UN AUTRE CHEF DU PKK FAIT DÉFECTION


Cemil Bayik, considéré depuis 1978 comme le n°2 du PKK après Ocalan et chef d'état-major des forces du PKK a, à son tour, fait défection fin mars pour se réfugier auprès de M. Barzani, leader kurde irakien à l'en croire les informations de la presse turque. Contrairement à la défection du "général Semo" (Semdin Sakkik) celle du C. Bayik n'a pas encore été confirmée par le PKK. On observe cependant que cette information n'a pas reçu de démenti convaincant sous la forme de reportage dans la presse du PKK ou d'interview su MED-TV.

Les graves revers militaires subis par le PKK dans le Kurdistan irakien en automne dernier continuent d'agiter les rangs de cette organisation qui traverse actuellement la plus grave crise de son histoire avec un Ocalan accusant d'incurie et d'incompétence ses lieutenants et certains de ces derniers lui retournant le compliment.

LU DANS LA PRESSE TURQUE: UNE JUSTICE CORROMPUE


Dans son article publié le 15 mars 1998 par l'hebdomadaire anglophone Turkish Probe, Dogu Ergil, universitaire turc, a passé en revue les différents événements qui ont marqué la Turquie ces derniers temps. Il déplore la situation scandaleuse de la justice en Turquie qui se proclame haut et fort un État de droit. Extraits:

"Il y a beaucoup de facteurs qui contribuent à la cohésion d'une société, mais la plus importante de toutes est la justice. Sans la justice aucun régime ne peut résoudre son problème de légitimité, nul citoyens n'aura foi en l'administration.

Ce qui est dangereux dans cette entreprise de criminalisation est que les criminels peuvent trouver refuge en avançant l'excuse de la sécurité nationale. Ne croyez pas que ce soit la sécurité nationale qui soit défendue, mais la sécurité des dirigeants publics et la sécurité des parasites qu'ils protègent.

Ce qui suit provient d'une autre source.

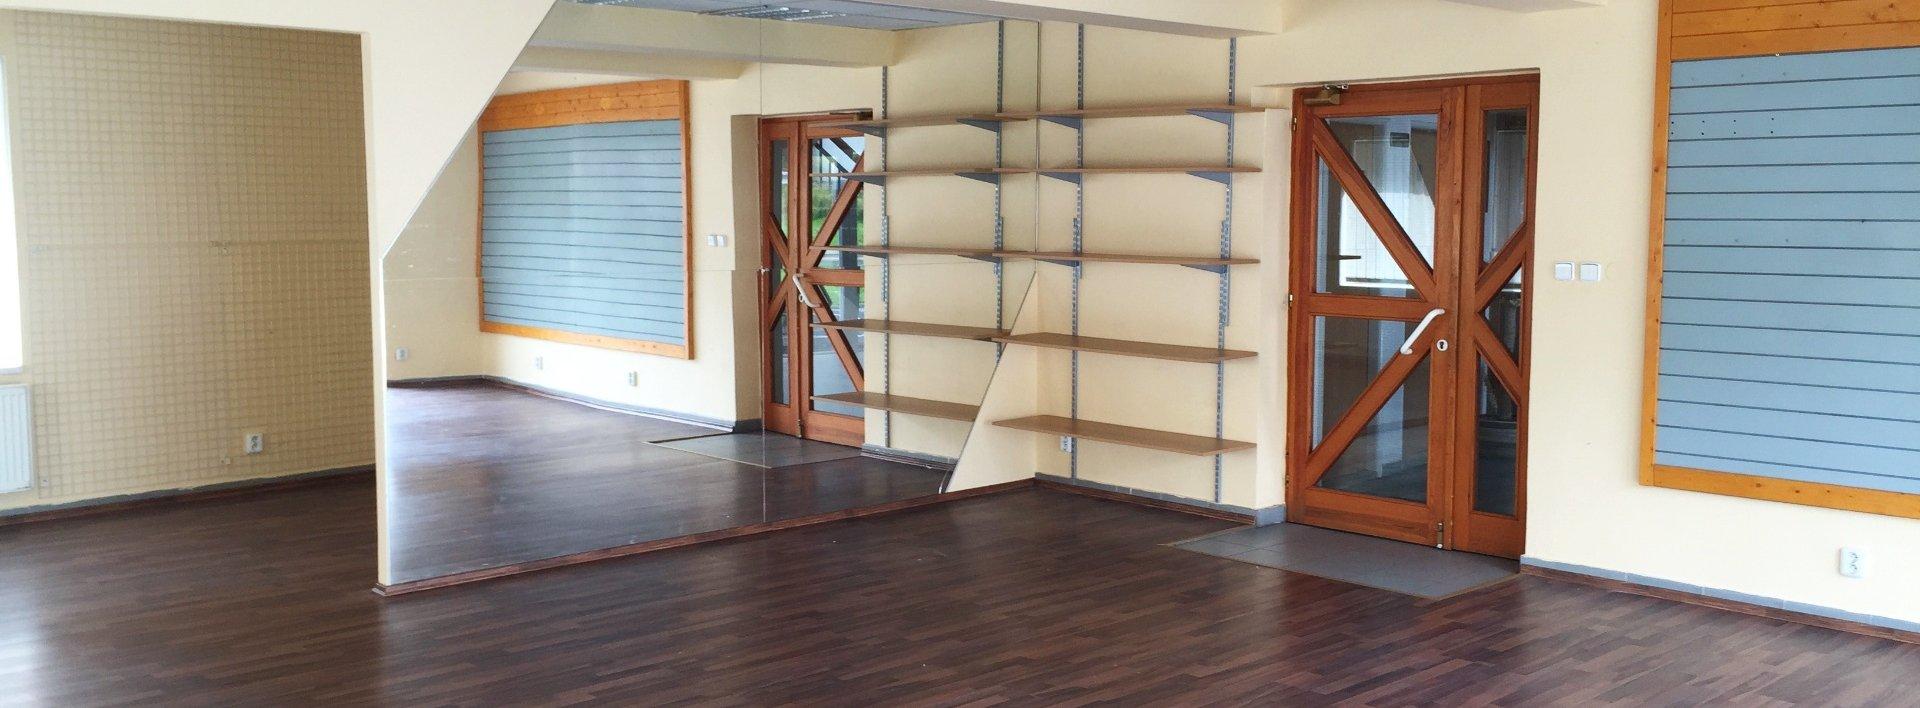 Pronájem jednotlivých kanceláří - Liberec X-Františkov, Ev.č.: N48731
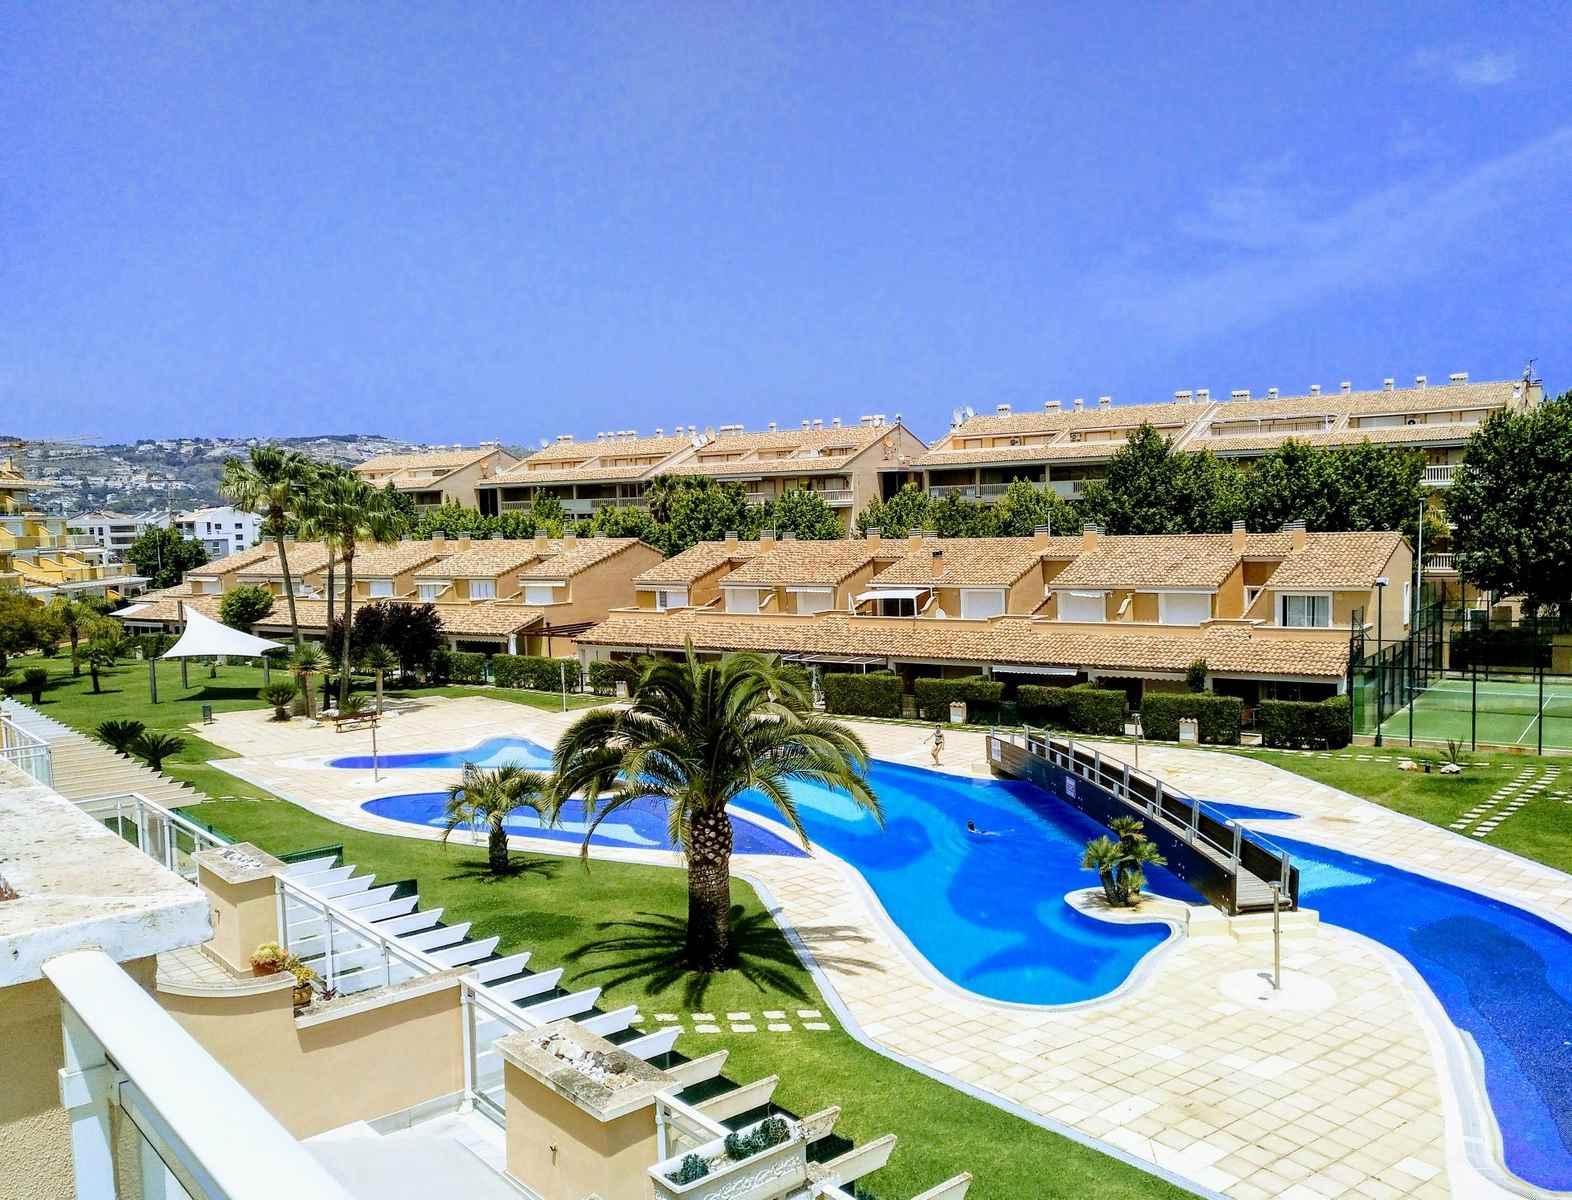 Alquiler vacaciones en Platja de L'arenal, Alicante

Les récentes informations qui ont été accessibles (ou divulgués) aux médias , révèlent que nous sommes simplement mal informés et trompés par nos gouvernants. Il y a quelques mois, le journal télévisé allemand exhibait une seringue symbolisant le vaste trafic de drogue sur le sol turc, . Le programme accusait notre gouvernement de prendre part à un haut niveau au trafic lucratif de la drogue.

Aujourd'hui nous avons compris que l'argent sale obtenu de la drogue a même corrompu des magistrats. Trois juges et un procureur de la Cour de Sûreté d'Istanbul ont été destitués de leurs fonctions pour avoir acquitté des barons de la drogue contre une importante somme d'argent. La fâcheuse affaire s'est révélée il y a trois ans! ( ) Ces hommes de loi, sans loi, n'ont pas été jugés par une cour de justice, mais ont simplement été destitués de leurs fonctions. La Justice a sévèrement été mise en cause car la protection a été faite au nom de la sécurité publique

Il y a, à ce titre, deux preuves qui démontrent que ce n'est pas la sécurité du public mais celle de ces magistrats qui est en cause. La première est du Juge Koksal Sengun, qui a annoncé publiquement ceci (10 mars 1998- Sabah) : "J'exerçait mes fonctions à la Cour de Sûreté de l'État d'Istanbul en 1993. J'ai été envoyé en mission temporaire à Izmir. Le dossier dont j'étais en charge n'était pas important. Mon travail à Izmir a pris trois jours. À mon retour, mes collègues m'ont annoncé que j'y avais été envoyé pour ne pas prendre part au procès d'un trafiquant de drogue du nom d'Ahmet Ozbey. En effet, Ahmet Ozbey a été traduit en justice et acquitté par la deuxième Cour d'Istanbul, en mon absence".

Cette déclaration ne nécessite pas de commentaire. La seconde preuve est la diffusion d'une conversation téléphonique entre le célèbre "Yesil", homme de main qui a été utilisé par la gendarmerie, la police et les services secrets pendant des années. "Yesil" est son nom de code. Son nom, mentionné dans le rapport de Susurluk qui a été remis au Premier ministre par l'inspecteur en chef du gouvernement, était associé à de nombreux affaires d'assassinats.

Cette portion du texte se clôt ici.